Uronic acid and their oligomer microanalysis by normal-phase partition chromatography with fluorescence derivatization

Abstract

Algal alginates, which consist of two uronic acids (i.e. D-mannuronate and L-guluronate), are important resources for a lot of industrial materials. The ratio of D-mannuronate to L-guluronate influences the physical properties of polysaccharide preparations and gels in industry. Furthermore, the influences of the percentage and configuration of each uronic acid oligomer on biological and physiochemical properties of polysaccharides have also been reported. Therefore, a highly sensitive analytical technique for uronic acids and their oligomers would be useful for both biological studies and manufacturers’ quality control.

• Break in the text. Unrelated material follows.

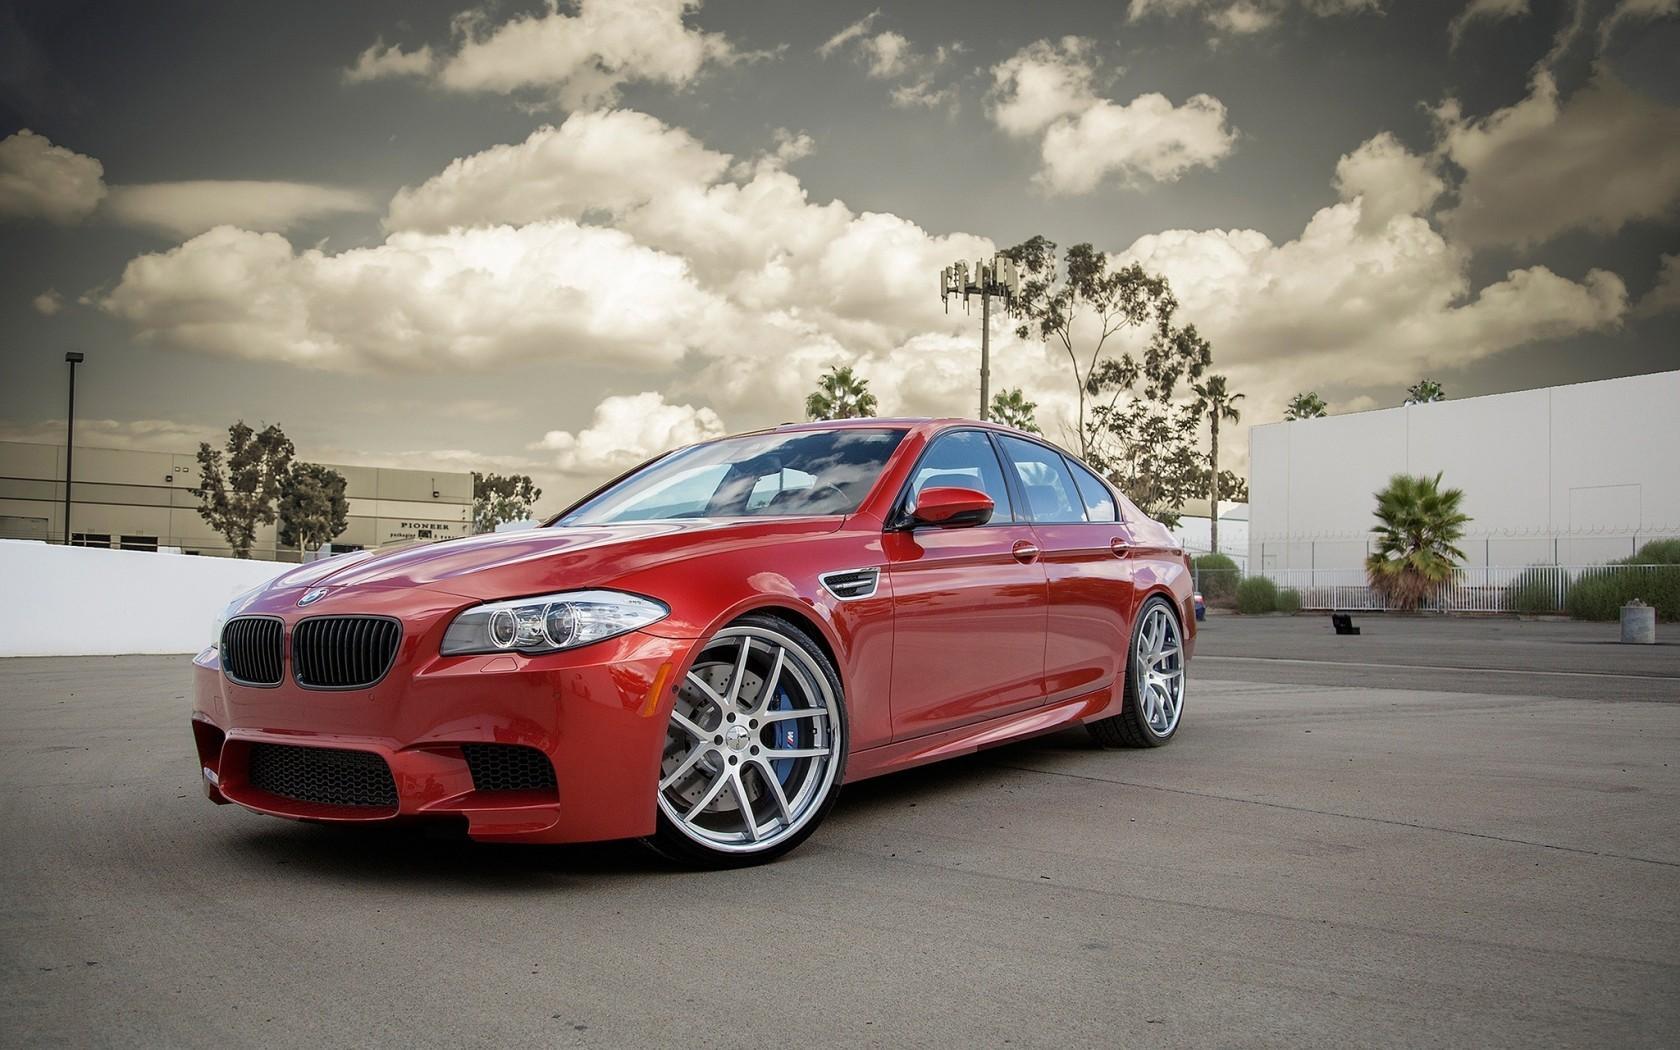 General 1680x1050 car BMW red cars vehicle BMW F10 BMW 5 Series

To develop a fluorimetric high-performance liquid chromatography (HPLC) technique for microanalysis for uronic acid monomers and oligomers, a saline mobile phase and the postcolumn fluorimetric determination system of reducing saccharides with benzamidine were combined. Fluorescence measurement was performed at 288 nm for excitation and 470 nm for emission. A linear gradient elution system was found to be a suitable method for the simultaneous microanalysis of uronic acid monomers and oligomers. The proposed method was successfully applied to uronic acid microanalysis and should prove useful for automated simultaneous microanalysis of uronic acid monomers and oligomers in alginate hydrolysates.